Scrap Magic, and Other Stories: Winners of Ireland's Fish Short Story Prize (Fish, £6.95)

"More off-the-wall this time," promised Clem Cairns, the editor of the fourth annual collection of stories published in Durrus…

"More off-the-wall this time," promised Clem Cairns, the editor of the fourth annual collection of stories published in Durrus, "The Gateway to the Sheep's Head Peninsula," in West Cork. With the assistance of both the Arts Councils of Ireland, Cairns had kept his promise. More than that, some of these stories, selected, according to the introduction by Eamonn Sweeney, for "difference", "quirkiness" and "spark", are also off-the-floor and off-the-ceiling. Indeed, the overall winner, "Scrap Magic", by Richard O'Reilly, hovers much of the time in another dimension altogether.
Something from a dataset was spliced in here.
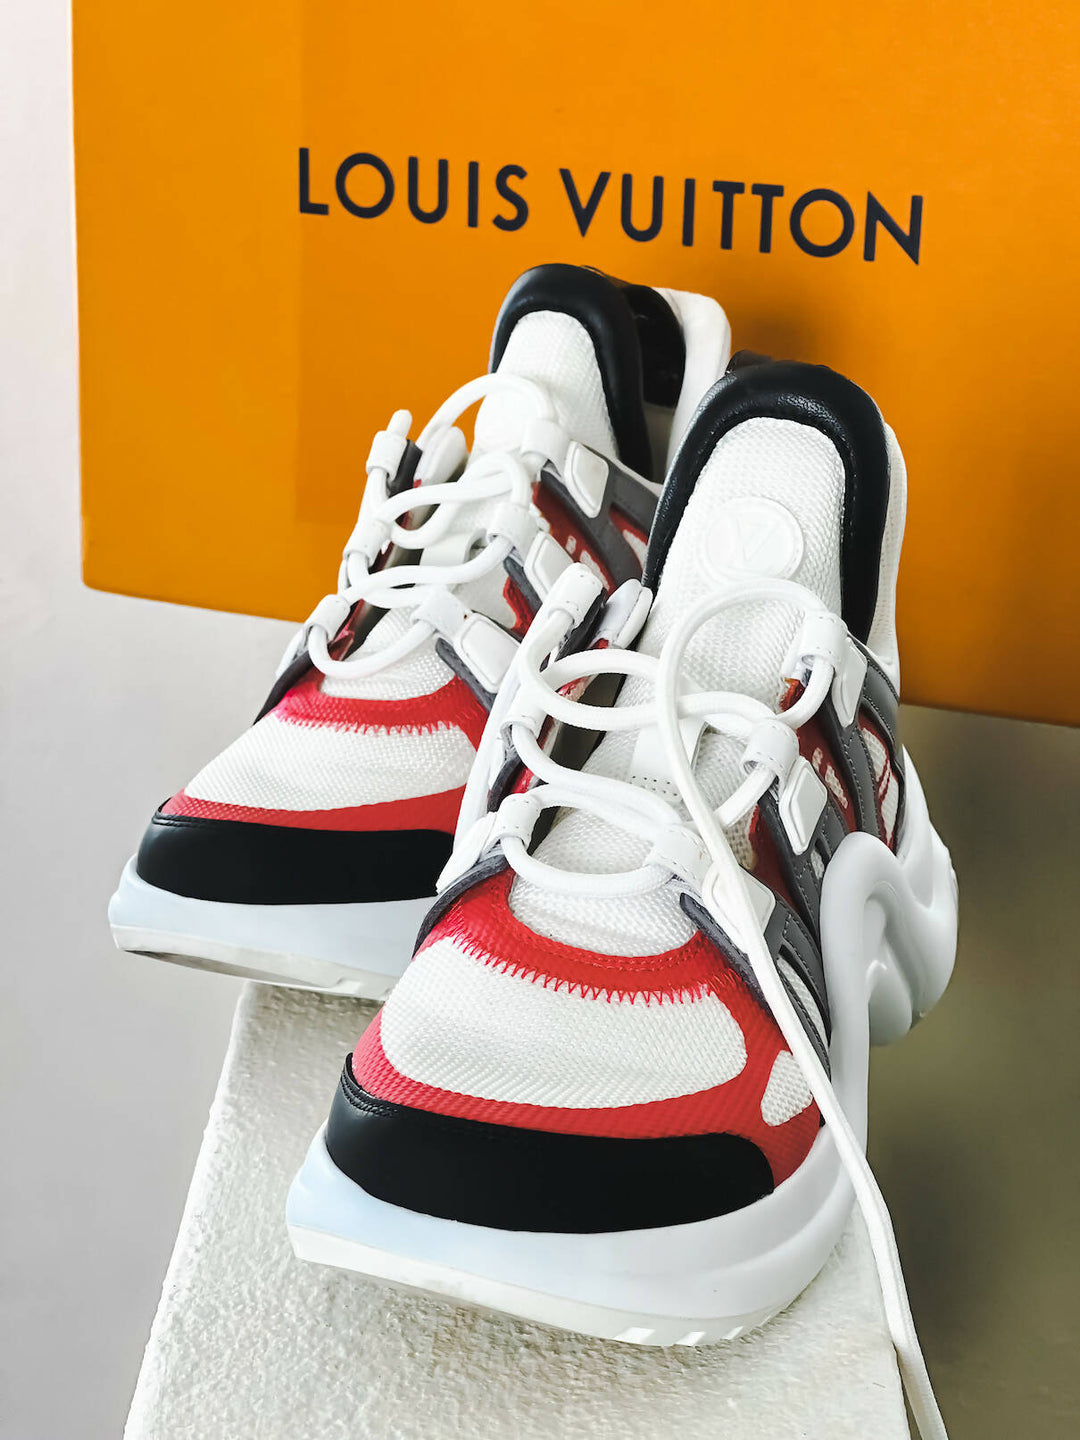 Louis Vuitton Archlight Trainer Rose Clair (Women's)  Louis vuitton shoes  sneakers, Louis vuitton shoes, Louis vuitton sneakers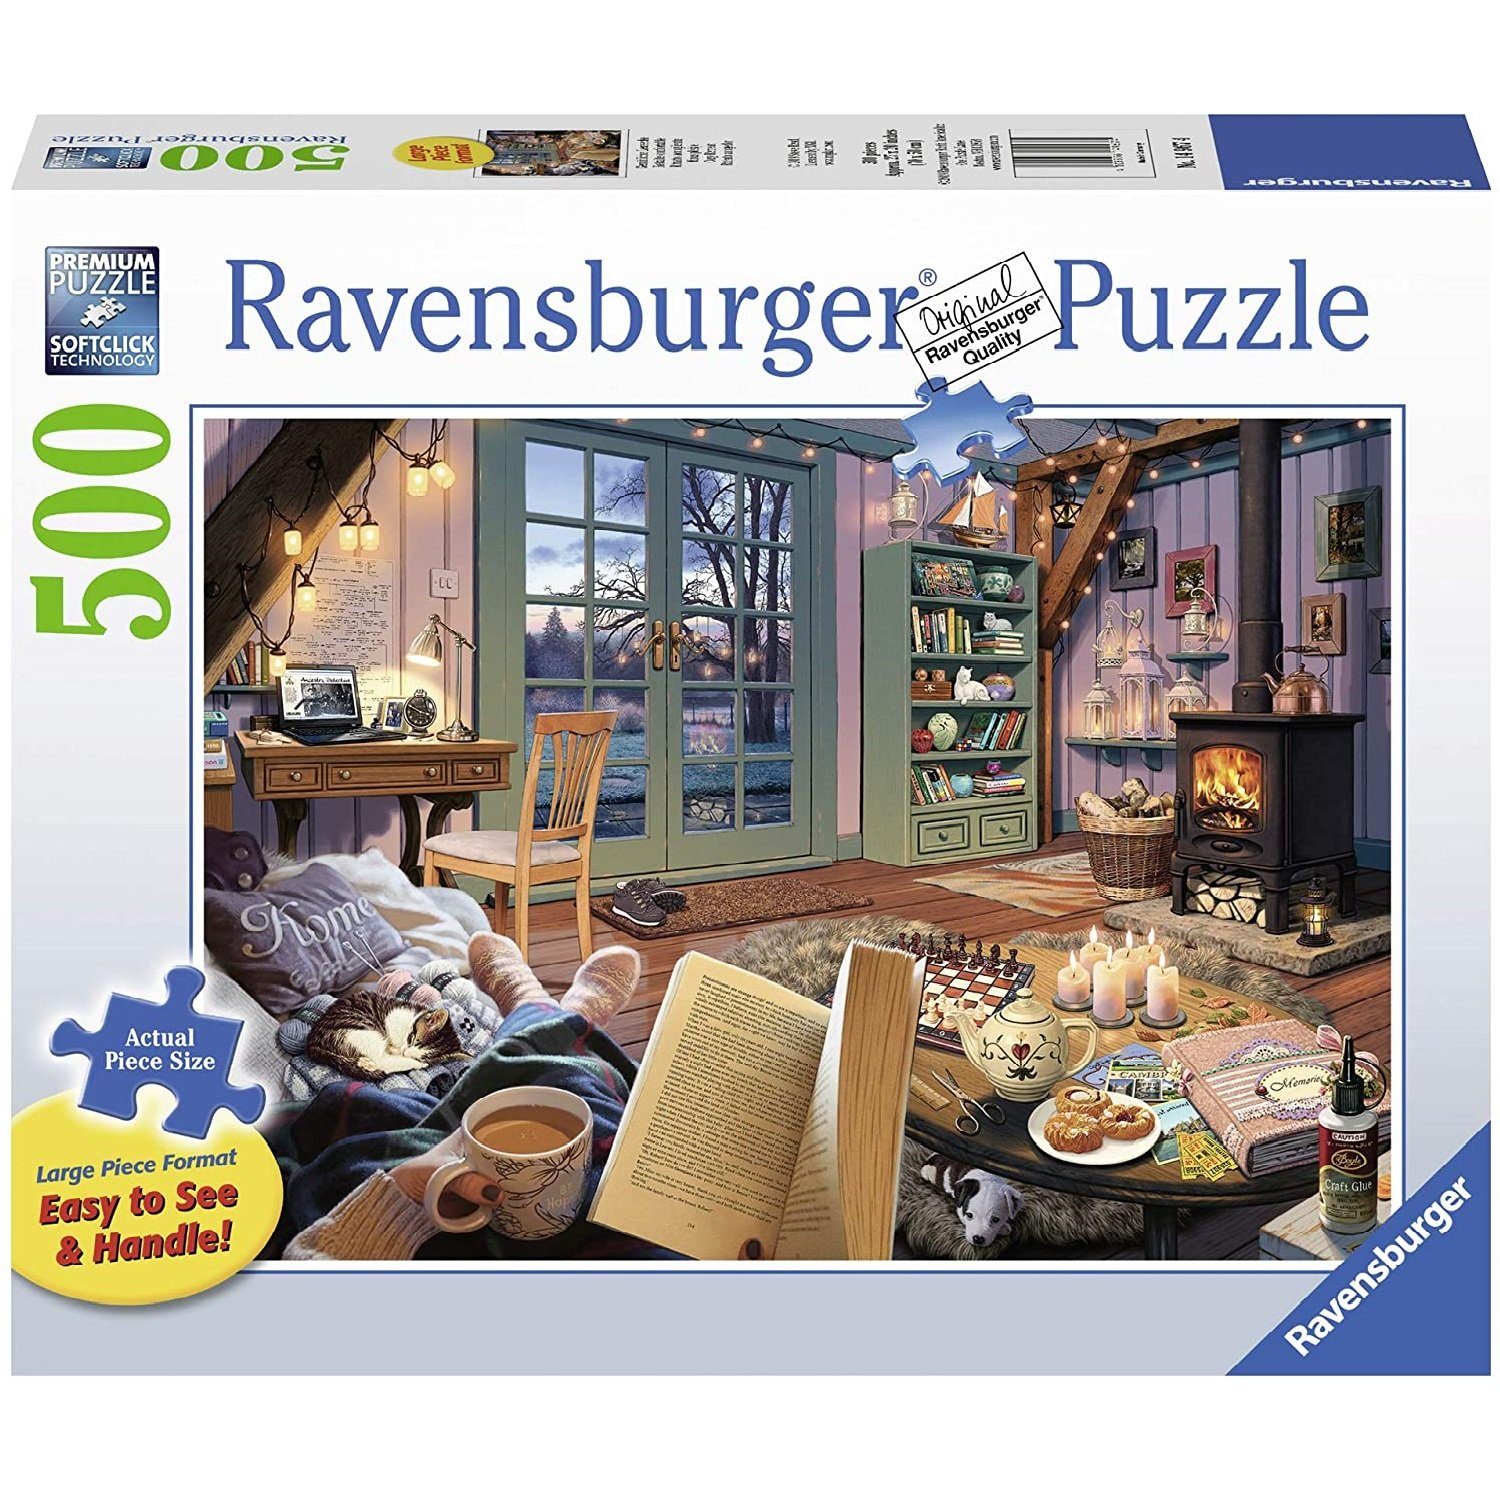 Ravensburger Puzzle Ravensburger - Gemütliche Leseecke, 500 Teile Puzzle,  Extra Große, 500 Puzzleteile

The story is narrated by a spirit that has haunted a house for two hundred years and now intermittently possesses the mind of the resident's cat. The spirit suffered a fatal drunken accident when the house was a pub, and now, when in his own "werld," has the irritating habit of spelling phonetically. There are also contributions from India, South Africa, the US and Canada, as well as Britain and Ireland - some of them wildly imaginative, some serious. Recommended.